Человек поднял голову, но женский отзывчивый голос с печи опередил его ответ:

— Вам кого из Чуйко? Вы-то сами кто будете?

— Я — Григорий Чуйко. А ищу свою жинку, а може, кто еще из ро́дни на́йдется.

На печи зашевелились, и босая, еще степенная женщина проворно спустилась с печи.

— Григорий Чуйко? — спросила она, приблизив к его лицу плошку. — А я думала, что и в живых вас уже нема. Да мы же ваши родичи.

Она подняла плошку над своей головой, и он узнал Алену, старшую сестру жены.

Минуту спустя он уже сидел рядом с больным ее мужем и жадно слушал про все, сам дивясь томлению и горькому покою в себе после дождя и пустынного окаянства ночи.

— Ах боже мой, — говорила женщина, — черный, як земля, лицом стали… боже, боже! Серденько мое! Нема наших чоловиков, всих нимци погнали. Один мой остался, да чи он жив, чи не жив — сами подивитесь.

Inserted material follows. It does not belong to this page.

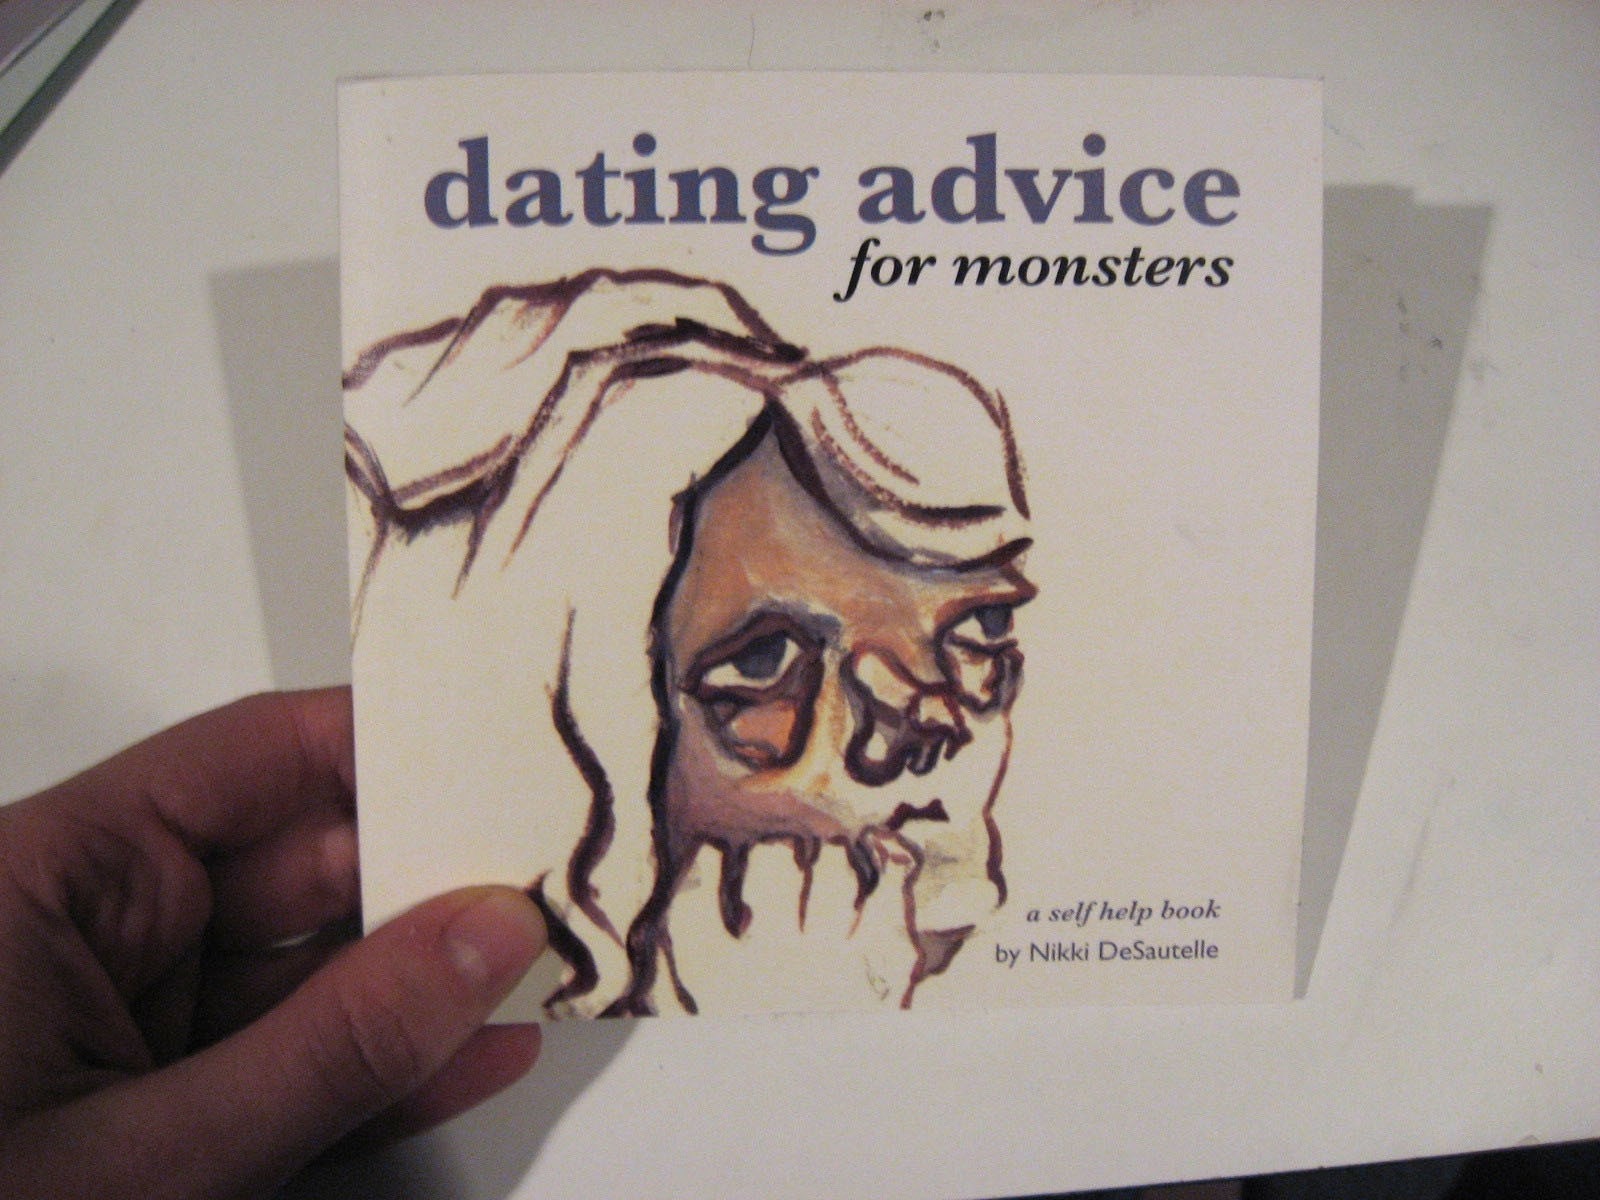 dating advice com. Dating Advice for Monsters It says

Муж ее был ранен немцами в легкое еще в прошлую мировую войну. Свыше двадцати лет свистело и сипело у него в груди, и он мог спать лишь лицом вниз, подперев руками голову… Галя была жива: свыше полутора лет скрывалась она от немцев, и им так и не удалось угнать ее. Он должен был сейчас же, еще этой же ночью, ее увидеть. Но хата его была сожжена, и Галя с матерью жили в землянке. Женщина пошла проводить его до землянки. Опять дождь заплескал в лицо, и в оголенных ветвях шумел ветер. Вскоре они дошли до низенького входа в землянку. Чуйко спустился по ступенькам и открыл дверь. От керосиновой лампочки с приспущенным фитилем тяжело пахло плохо очищенным бензином.

— Галя! — позвал Чуйко в полумрак, и она сейчас же, будто ожидала его прихода, кинулась к нему…

— Гриша! — сказала она со стоном и припала к его груди. Он обнял ее. Сестра ее отвернулась и, тоже заплакав, выбралась из землянки, чтобы не мешать им.

— Ты ли это, Гриша? — спросила Галя, отрываясь от него и вглядываясь в столь изменившееся его лицо. — Болел ты, что ли? — спросила она скорбно.

— Так… ранило маленько, — ответил он уклончиво: он побоялся сказать, что у него туберкулез.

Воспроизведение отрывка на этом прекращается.